Not having financing in place

Before you can bid on a property, you need to visit the bank to ensure financing for your purchase. If you are taking out a mortgage on the house, you will need to make sure you know the set limit the bank will allow to borrow. 

When you make a bid, the estate agent will contact the bank to ensure that you have the financial arrangements. If you do not have enough money or the mortgage your bank agreed on doesn’t cover the cost, your bid will be rebuffed. 

Therefore it is crucial to know your financial limits when entering bidding rounds to avoid any disappointments. 

Making a bid on a house you aren’t sure about

You should be absolutely sure that you could see yourself living in a property when you bid on it. This is because bids in Norway are legally binding, meaning that even if you put in a speculative bid and it’s accepted, you won’t be able to back out.

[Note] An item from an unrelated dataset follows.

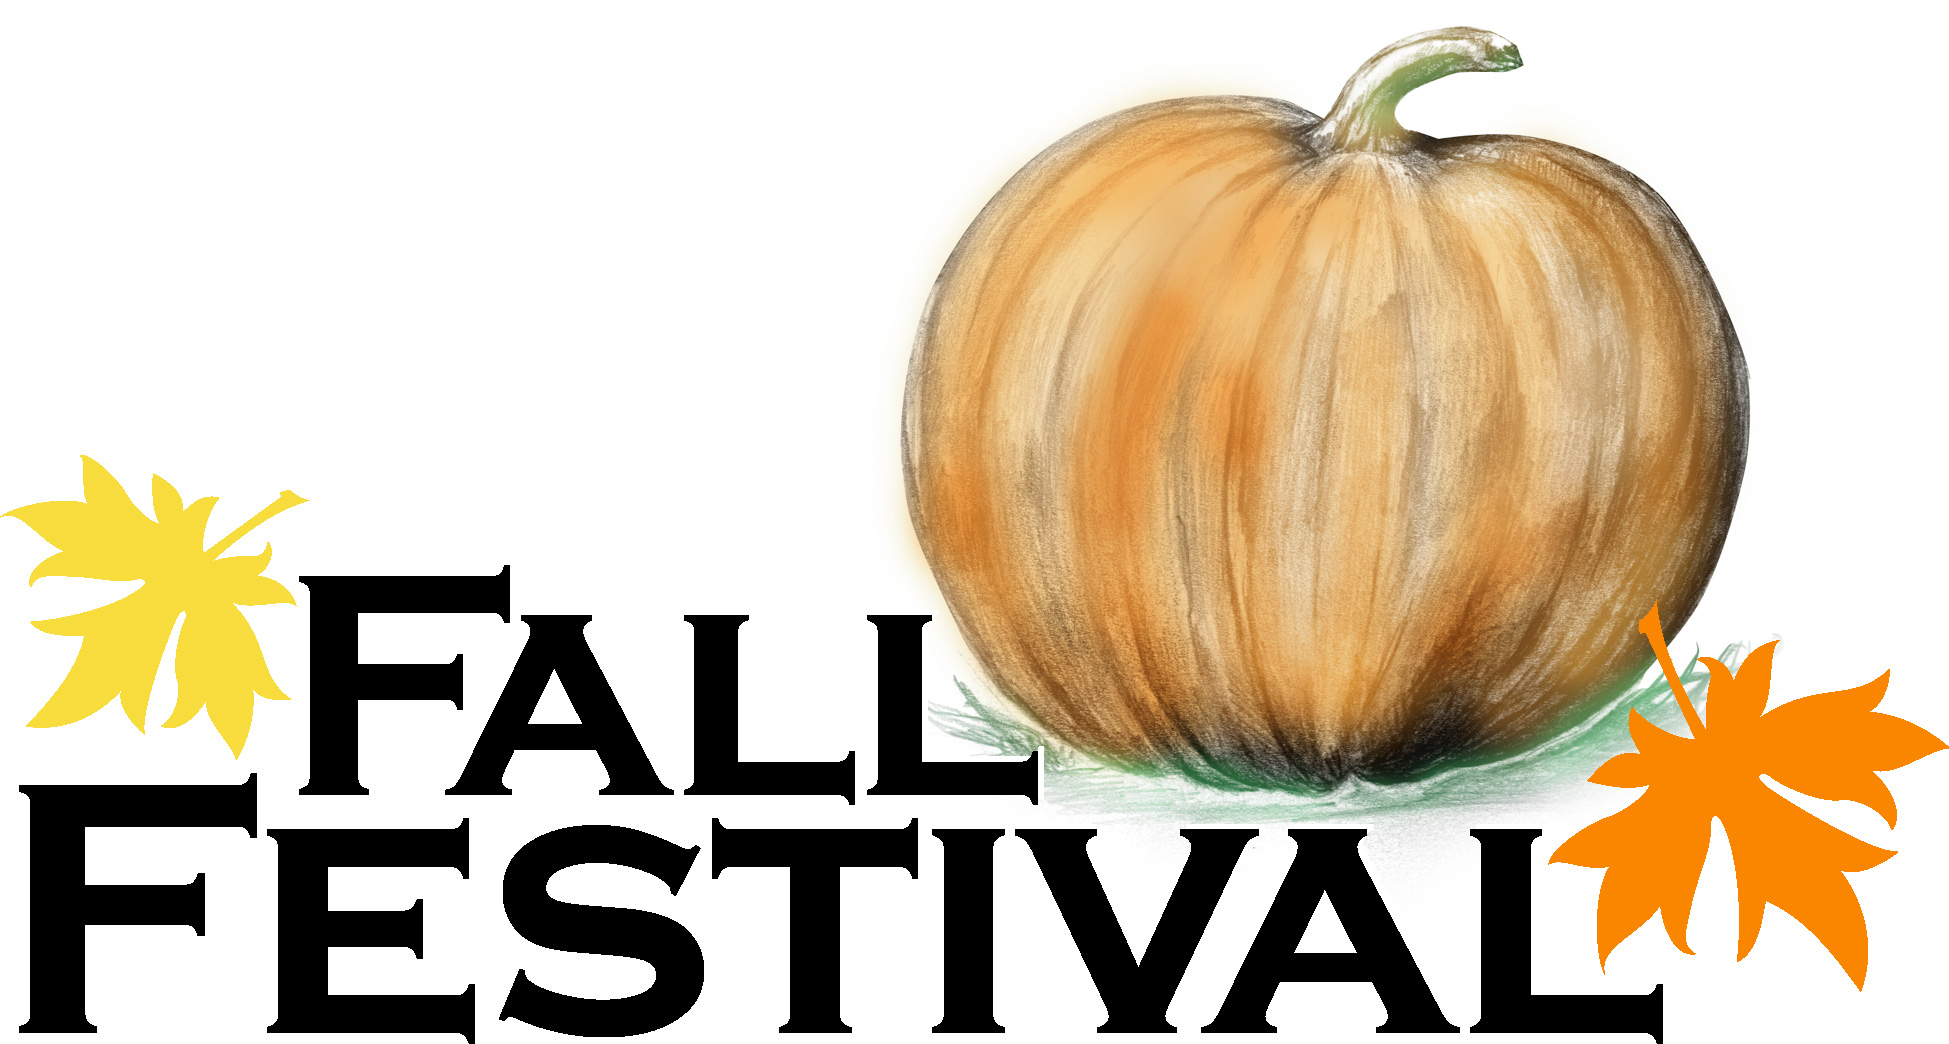 Fall festival fall family .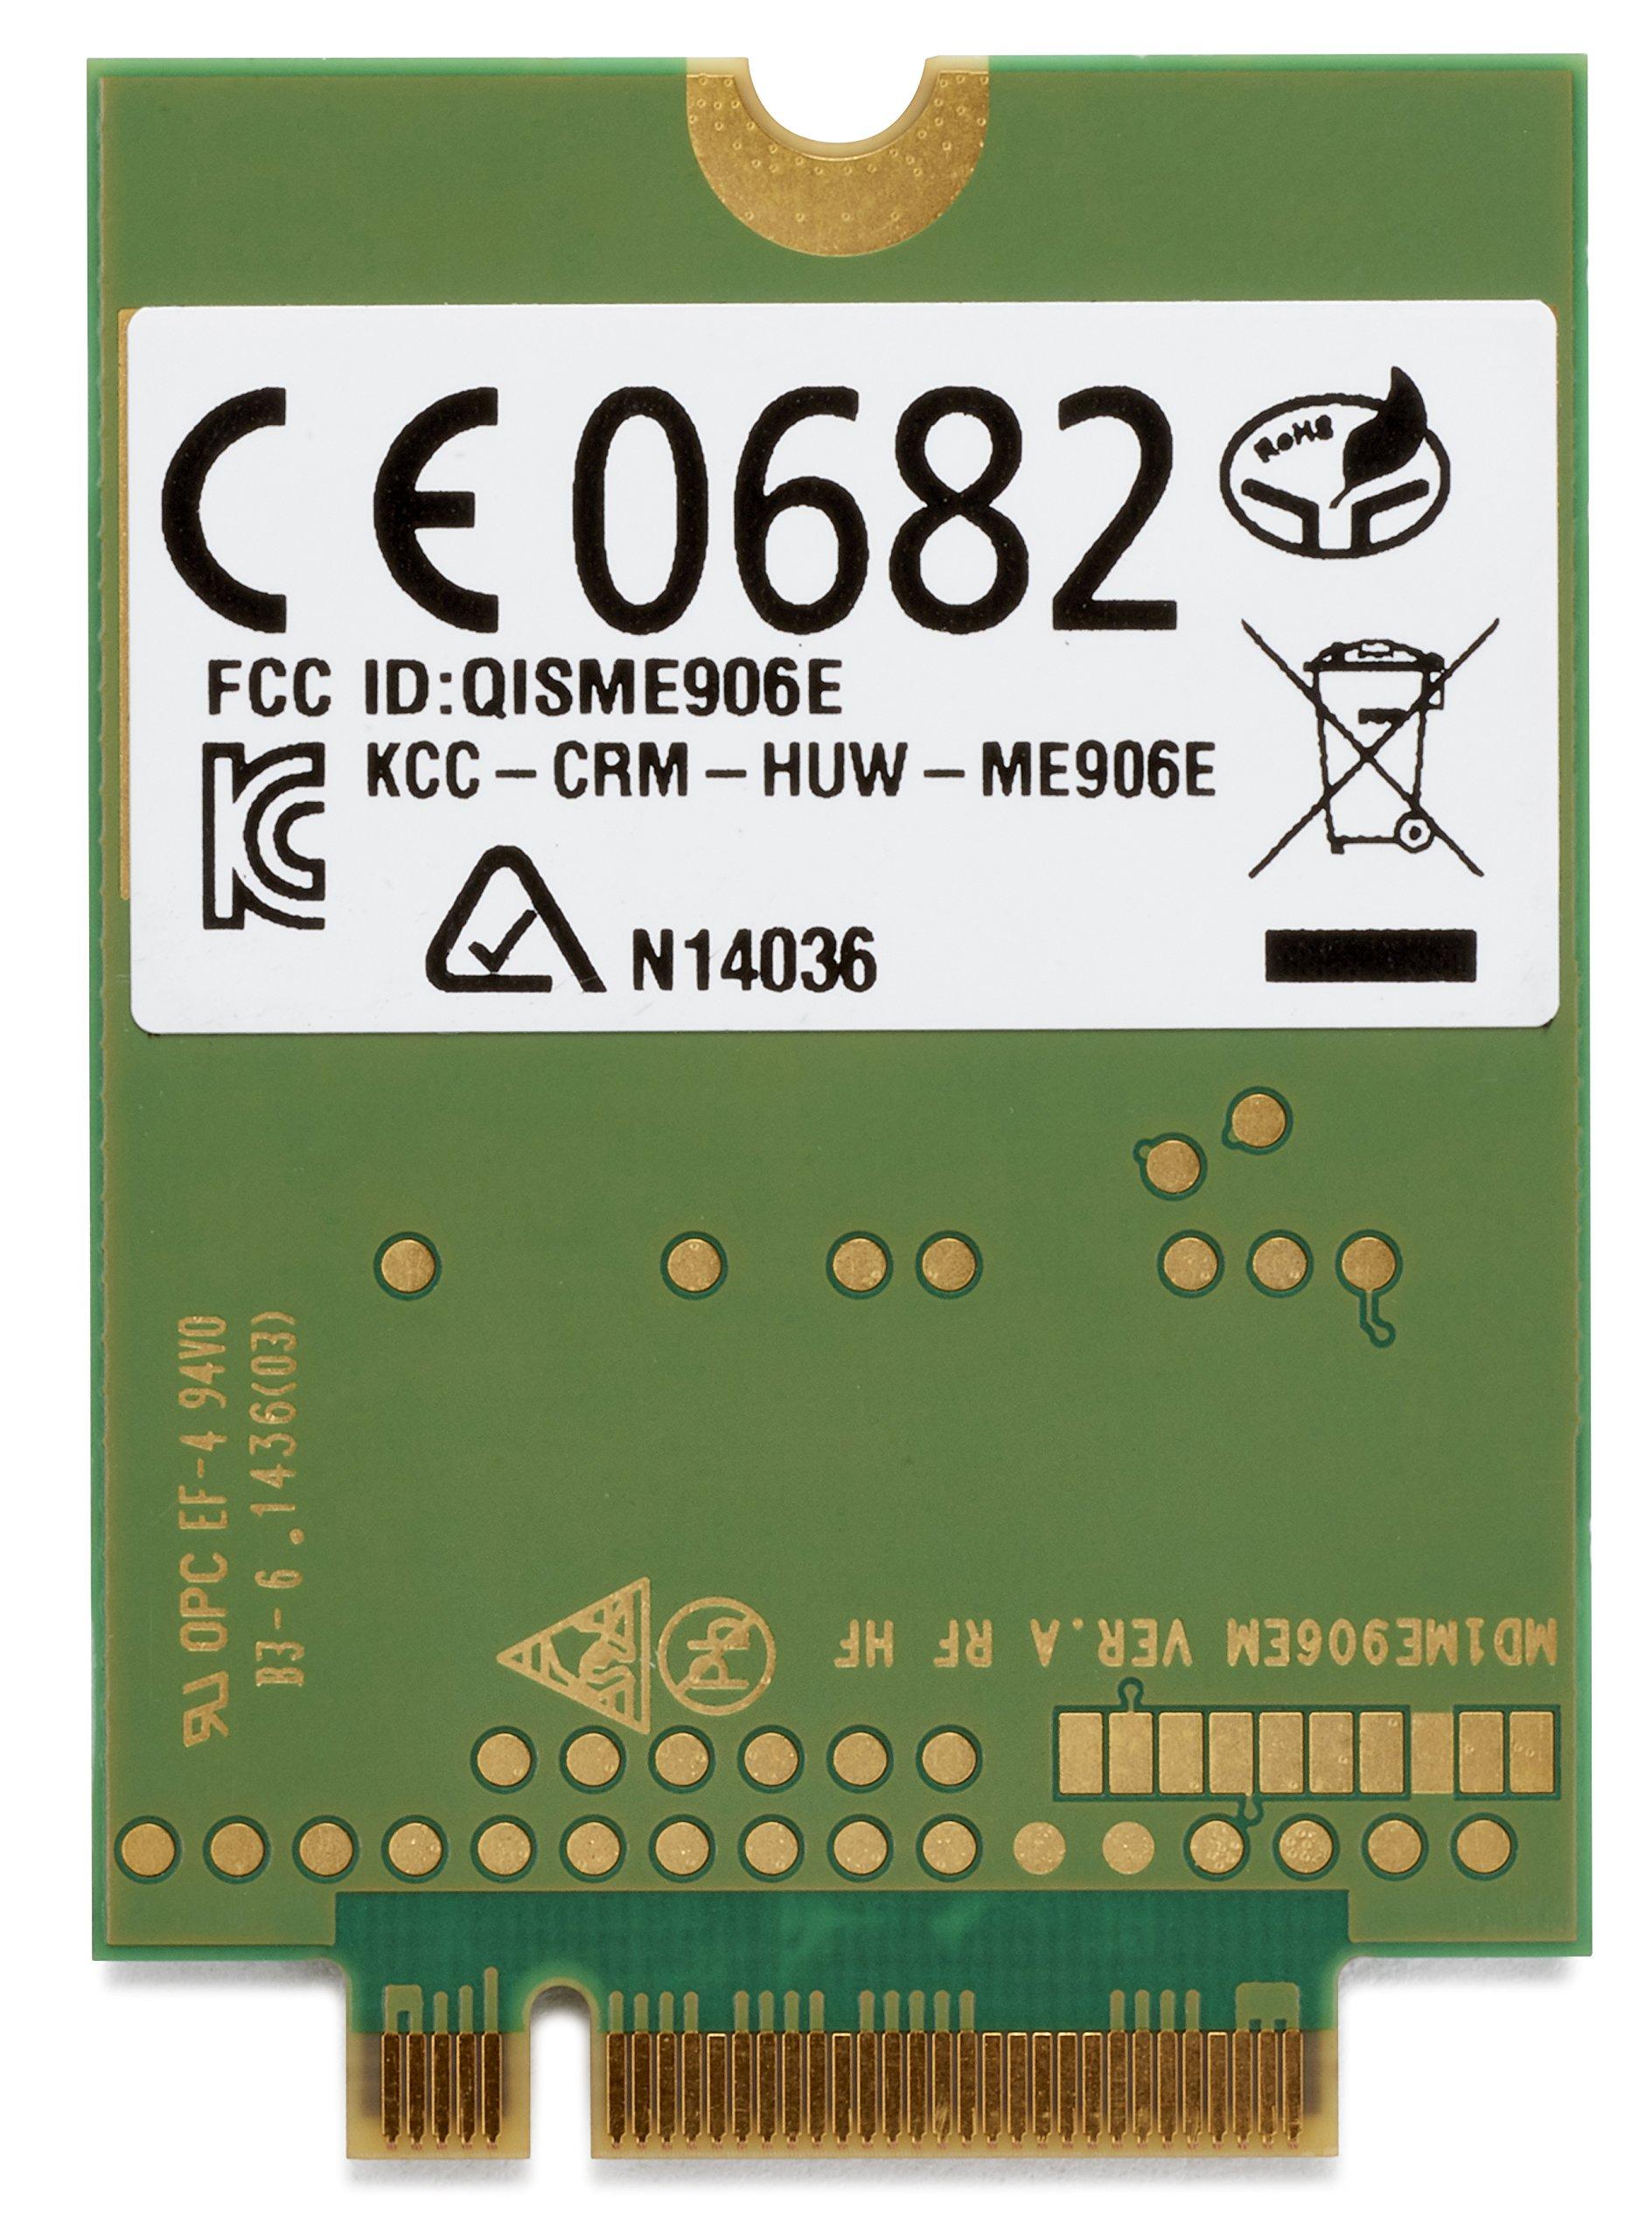 HP SMART BUY LT4211 LTE EV-DO HSPA+ WWAN J8F06UT

This means that you should avoid putting in any offers on homes you aren’t 100 percent sure about.

So while you may be in a rush to get on the property ladder or take a step up, patience will prevail over diving in headfirst. 

Forgetting to do proper research

The devil is always in the detail, and as dull as it may be, you should always read the small print to avoid any nasty shocks. 

This is especially important when buying apartments in Oslo and other cities where you will likely encounter housing associations where residents will be expected to pay various fees or contribute to the upkeep of the block. 

“For instance, if they are planning to replace the roof of the block the next year, you will read about it in the sales documents. It is important to consider whether you can afford a property also after potential add-ons,” Trine Dahl-Pettersen, real estate agent at Eindom 1, explained to The Local

Reading the small print isn’t the only place where research pays off. For example, one reader who has bought a house in Norway pointed out that finding a place that needs a little bit of work can help you avoid intense bidding wars, and locals tend to want a ready-made home to move into. 

“Finding a property that won’t go sky high over the asking price when bidding can be challenging. However, I quickly noticed that Norwegians are not afraid to bid high for a ready-to-go home,” Scott told The Local of his experiences buying in Bergen. 

“If you are comfortable doing some work on it, you can find a much better deal, maybe even under the asking price,” he added.

Therefore, market research can help prevent you from paying over the odds. 

Making more than one bid at a time

Unfortunately, putting plenty of bids out and seeing which offers stick could be a lot more disastrous than you may think. 

As mentioned earlier, bids in Norway are legally binding. Meaning that if you have two bids accepted at the same time, you will be legally obligated to purchase both of them.

Not having BankID

Despite the bidding process being done over the phone, there are still some hoops to jump through. 

You’ll need to have a Norwegian Bank ID available for the bidding process, as it is needed to confirm your identity when sending your bids. 

Without this, you won’t be able to lodge any offers. 

In addition to bank ID, you will need a Norwegian identification number (D-number/Personnummer) to hand.